One specific example (just to get an idea of whether I got the intention right): There might be a glTF asset with some avatar/character, and it has identified elements like 'head, torso, armL, armR, legL, legR'. The engine-specific asset uses this as the basis for building some ~"physics computation structures" (say, for some ragdoll effect, or something else that cannot be modeled with glTF animations).

In this case, the base glTF asset would not even be intended to be "portable" any more (not beyond showing that avatar in the T-pose in which it was originally authored). It might therefore be that some of my concerns are negligible in the "real world".

But I'd still wonder how to avoid "obscure" usages of these IDs.
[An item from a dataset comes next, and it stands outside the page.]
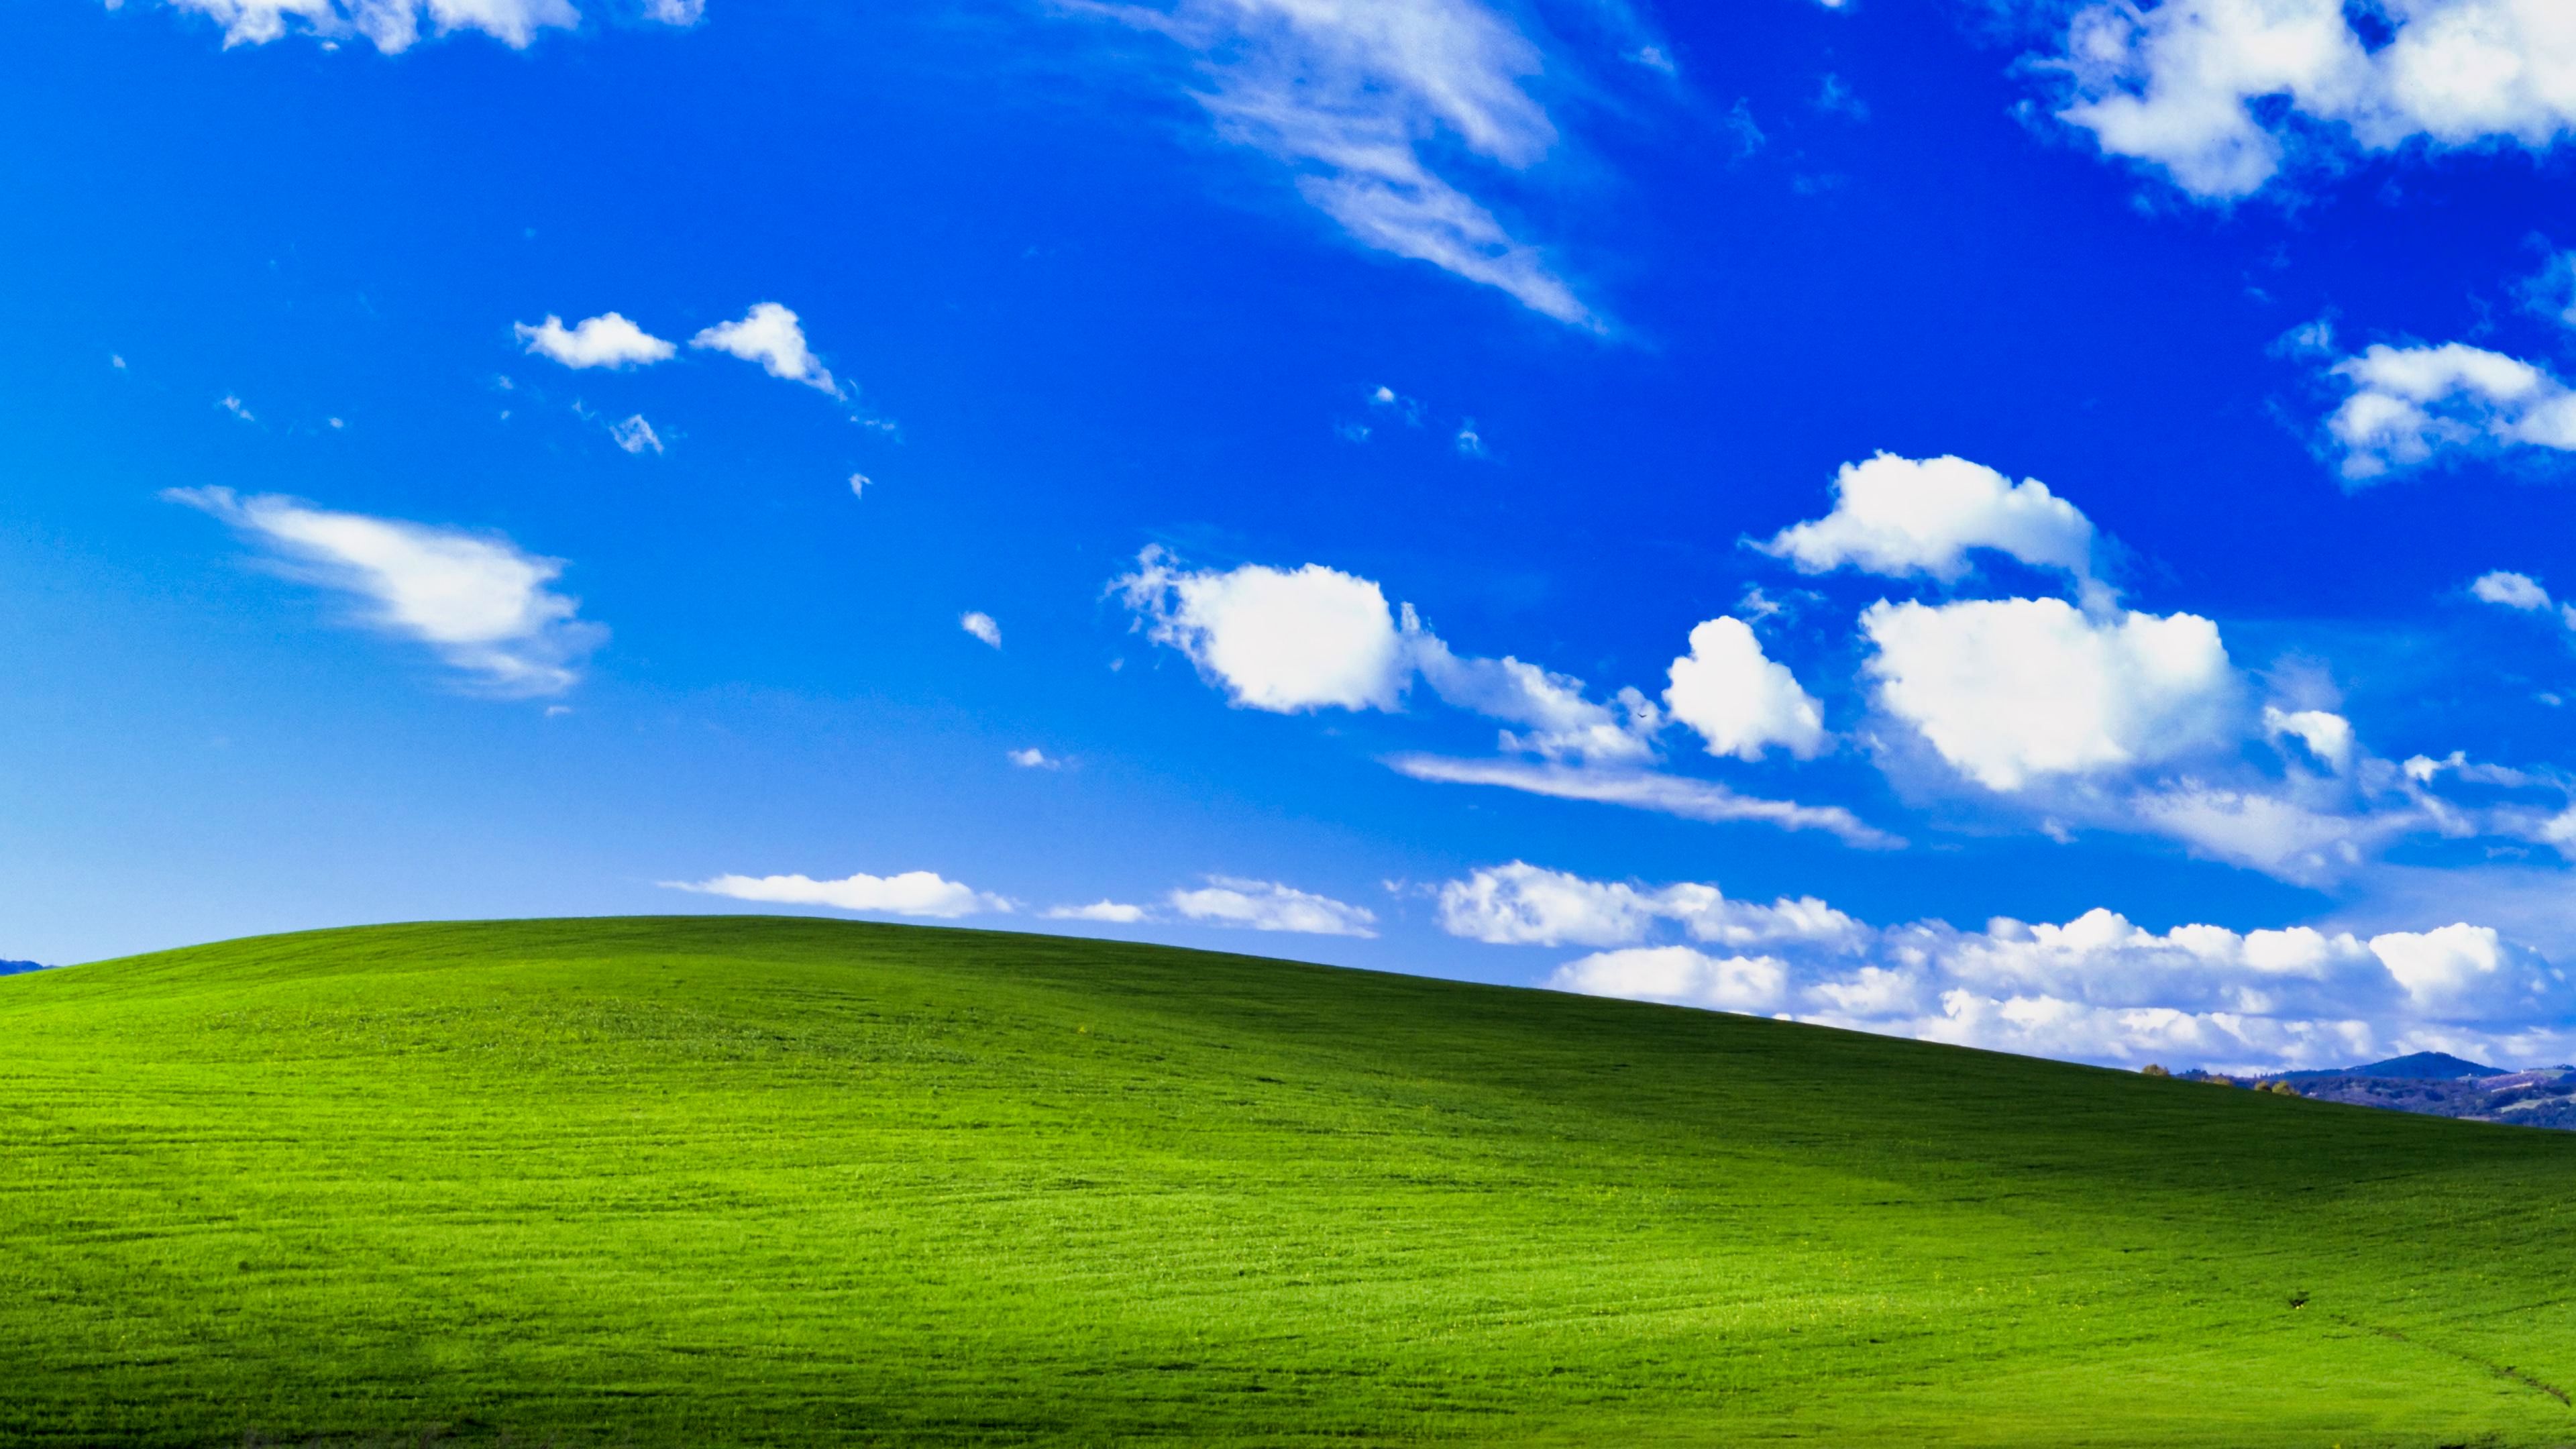 Bạn muốn một bức hình nền Windows XP hoàn hảo với độ phân giải cao? Bạn muốn tìm kiếm một trang web chất lượng để tải xuống hình nền Windows XP đẹp nhất? Hãy đến với WallpaperDog, trang web chuyên cung cấp hình nền đẹp và chất lượng nhất, sẽ là nơi lí tưởng cho bạn. Nhanh tay truy cập và tải xuống để sử dụng hình nền Windows XP độc đáo của mình nhé!

I know, this is kind of a "worst case" scenario, but people could just throw a bunch of meshes (that are not attached to nodes) or materials (that are not associated to meshes) or just empty nodes that only contain IDs (!) into an asset, and say: Yeah, my engine knows how to assemble something that makes sense from these fragments, based on their IDs.
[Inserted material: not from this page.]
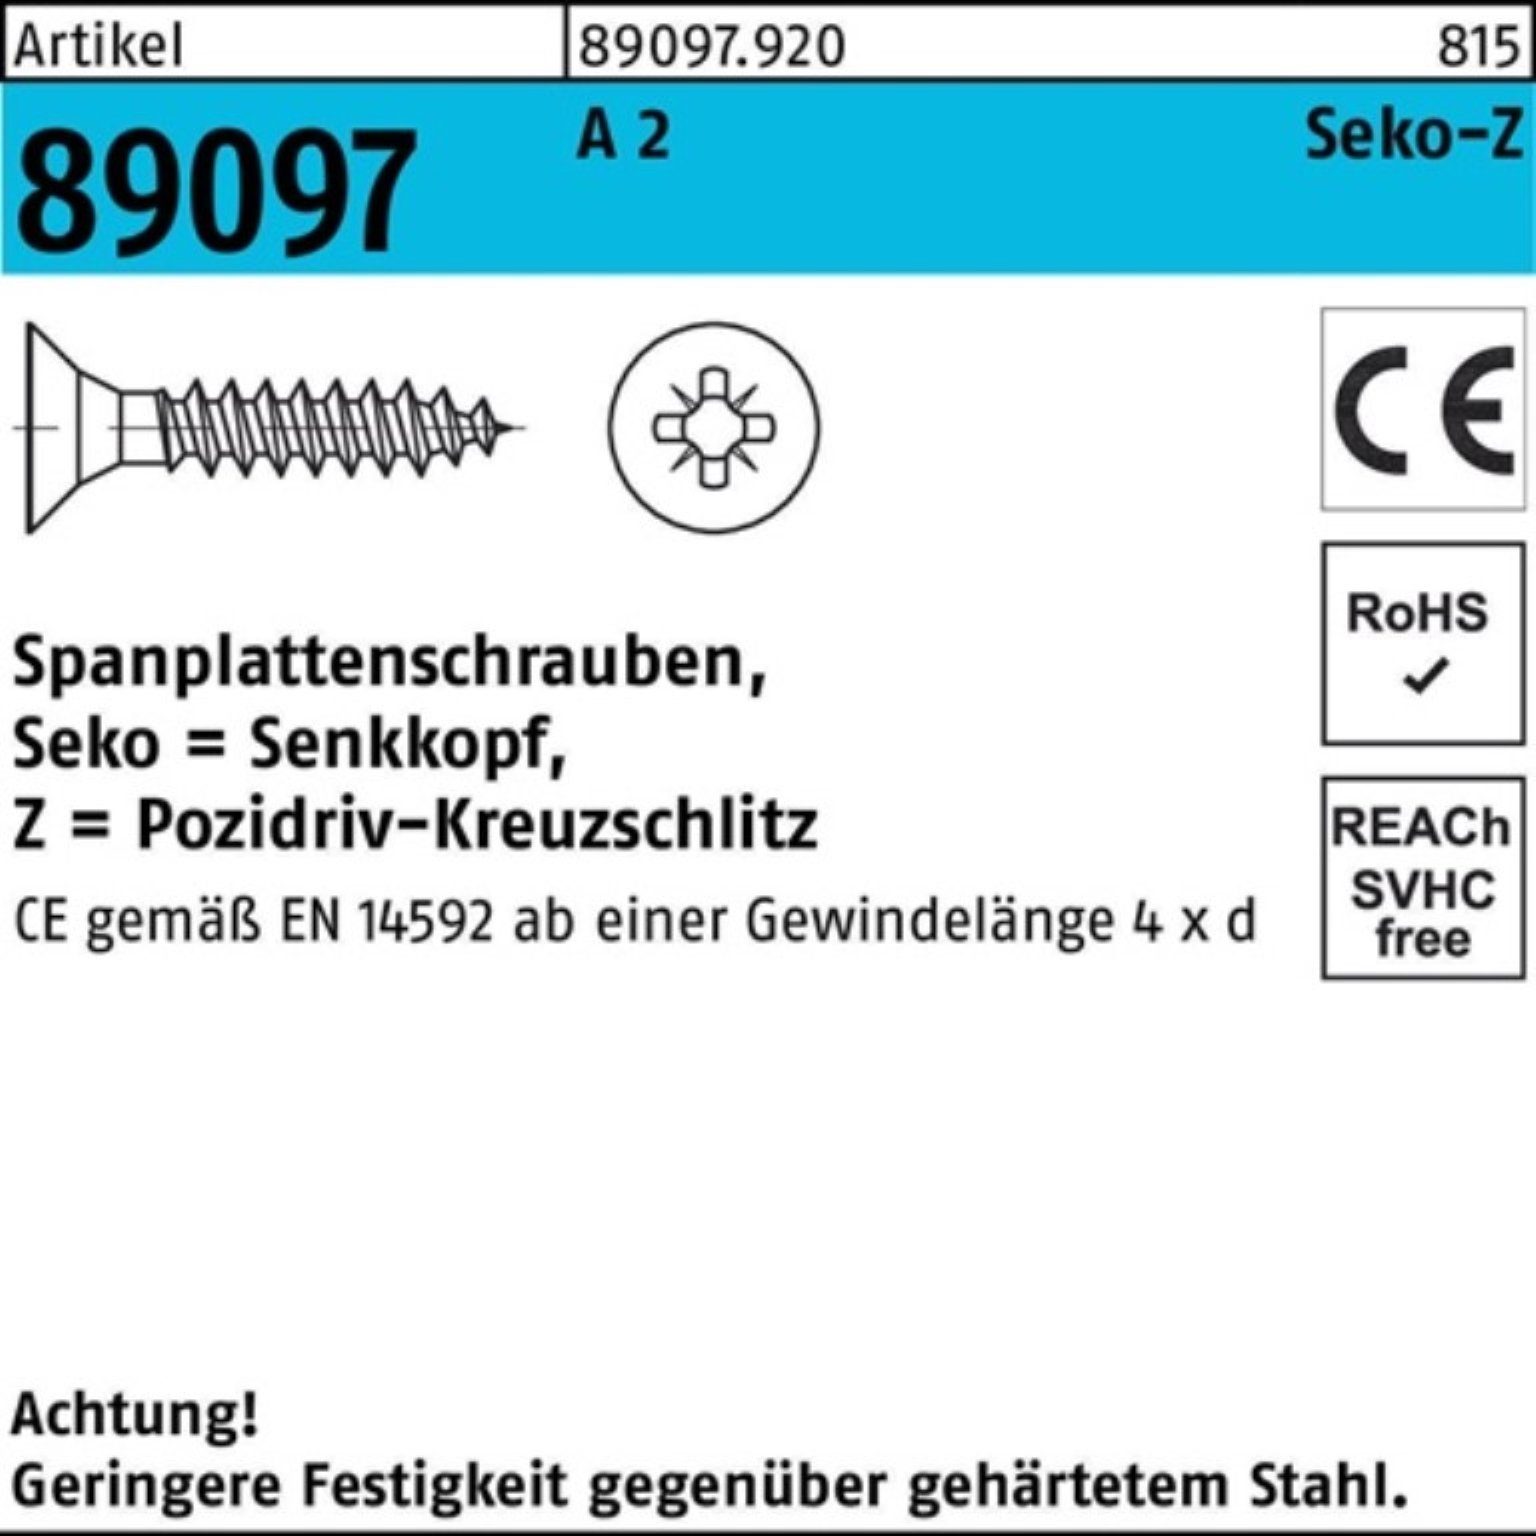 Reyher Spanplattenschraube 1000 Spanplattenschraube 89097 PZ R Pack 25-Z VG 1000er 2 3x A SEKO St

Right now, I can drag-and-drop any GLB file into Three.js, Babylon.js, Filament, PlayCanvas, Cesium.js, the Khronos glTF Viewer, ClayGL, Hilo3d, RedCube.js, and any other glTF viewer, and they will all behave the same way, and show the same result ... mostly: Achieving portability is an important goal of glTF, ranging from the lowest level of mathematical details of the specification of PBR, up to the question of what the (visual) "ground truth" actually is (see for example https://modelviewer.dev/fidelity/ ).

We should be careful to keep these goals in mind, and in the context of a possible specification of 'unique identifiers', we should clearly describe their intended use (with the focus on the "authoring cycle") and the limits (what they should not be used for, to ensure that glTF keeps its portability).

Oct 17 '23 15:10 javagl

I think one aspect here is that unique IDs in glTF would allow for one – and only one – workflow to be better:

Going from Application A (with its own internal data format)
to glTF
to Application B (with its own internal data format)
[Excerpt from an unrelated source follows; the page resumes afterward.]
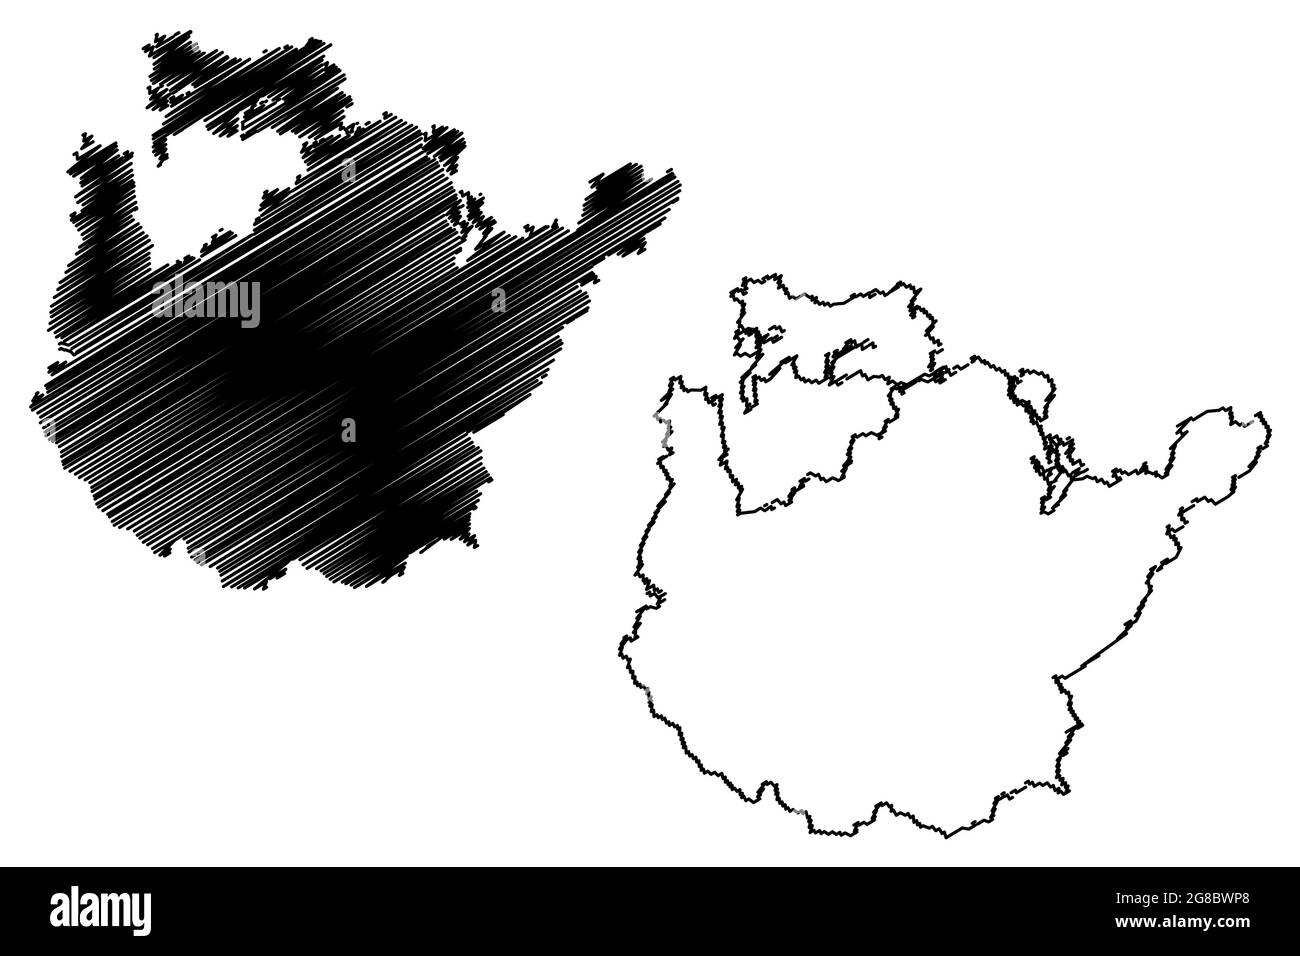 Landkreis Potsdam-Mittelmark (Bundesrepublik Deutschland, Landkreis, Land Brandenburg) Kartenvektordarstellung, Scribble-Skizze Potsdam Mitte Stock Vektor

in a repeatable way while renaming/moving nodes around.

Going from Application B to Application C would have likely different unique IDs since internal data formats do not necessarily match the glTF data model (e.g. some engines have submeshes - aka multiple primitives per mesh - while others don't). In practice, importing and exporting glTF is almost never a perfect roundtrip due to these engine-specific differences. So IDs would be useful for importing and might change when exporting again unless you expect every application to somehow keep the IDs and have perfect roundtrips, ignoring their own data format.

Oct 17 '23 16:10 hybridherbst

@javagl

It is already possible to store arbitrary data in glTF. Take for example the suggested alternatives to this proposal: extra and KHR_xmp_json_ld. We could have an authoring tool and game engine combo that use glTFs that consist of empty nodes with extra or KHR_xmp_json_ld which would be unusable in any other software.

However, in practice, we do not see this. I believe the incentives are either non-existent or negligible. The general availability of glTF viewers would mitigate such attempts, as users expect glTF to be portable across software an platforms, and not being able to view a glTF in a general purpose glTF viewer would suggest that something is wrong with it.

Beyond that, if there is a solution to prevent misuse of extra or KHR_xmp_json_ld (of which I'm unaware), it probably applies to this proposal too. And I think it would be in everybody's interest to have a look at it.

@hybridherbst

The idea of a roundtrip is alluring. However it is not the goal, and would not always be possible.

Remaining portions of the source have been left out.